SaaS applications have been moving upstream for the past couple of years into departmental and even enterprise wide solutions that are being customized to meet specific business requirements and fit within the enterprise architecture.

The traditional benefits of SaaS include:
  1. Easier, faster and (hopefully) cheaper deployment.
  2. More efficient and less costly management and operation.
  3. Leveraging innovation investment across multiple enterprises.
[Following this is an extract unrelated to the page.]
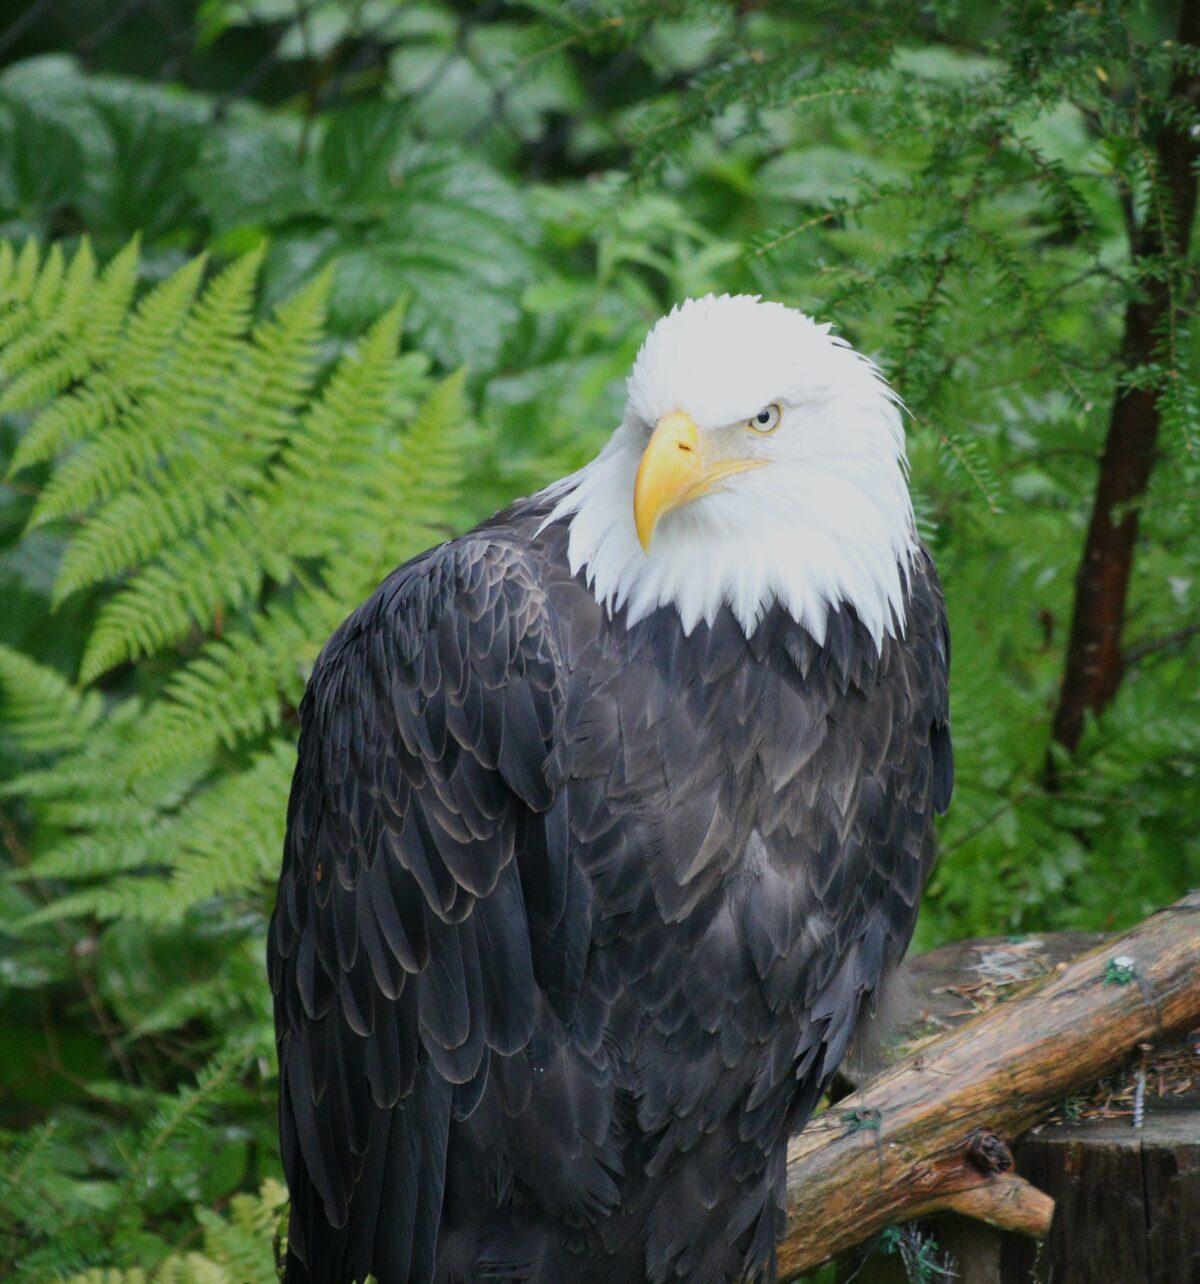 A bald eagle at the Alaska Raptor Center. (George Karelitsky/Unsplash)

The major downside is that since true SaaS Solutions exist in a multi-tenant (shared) environment, customizations are more difficult and the speed that those customizations can be delivered are often lengthened. Even if it is informal, negotiations must go on about every customization requested to see if it would be valuable to the other tenants and against all of the other customizations being delivered on the platform.

The tension between these competing desires (customization vs. SaaS benefits) is where every enterprise and SaaS vendor have their biggest deployment "discussions".

A specific methodology has to be employed that matches the enterprise requirements against the strengths and weaknesses of the SaaS application to find the optimal solution that leverages the benefits of the SaaS application and does not degrade the usefulness of the solution to the enterprise. After all, if the enterprise is talking to a SaaS vendor at all, they have probably already chosen it over a custom solution and know there will be tradeoffs. The key is getting the SaaS solution provide to understand the client's business and the client to understand the SaaS solution enough to reach the right compromises before deployment requirements are finalized.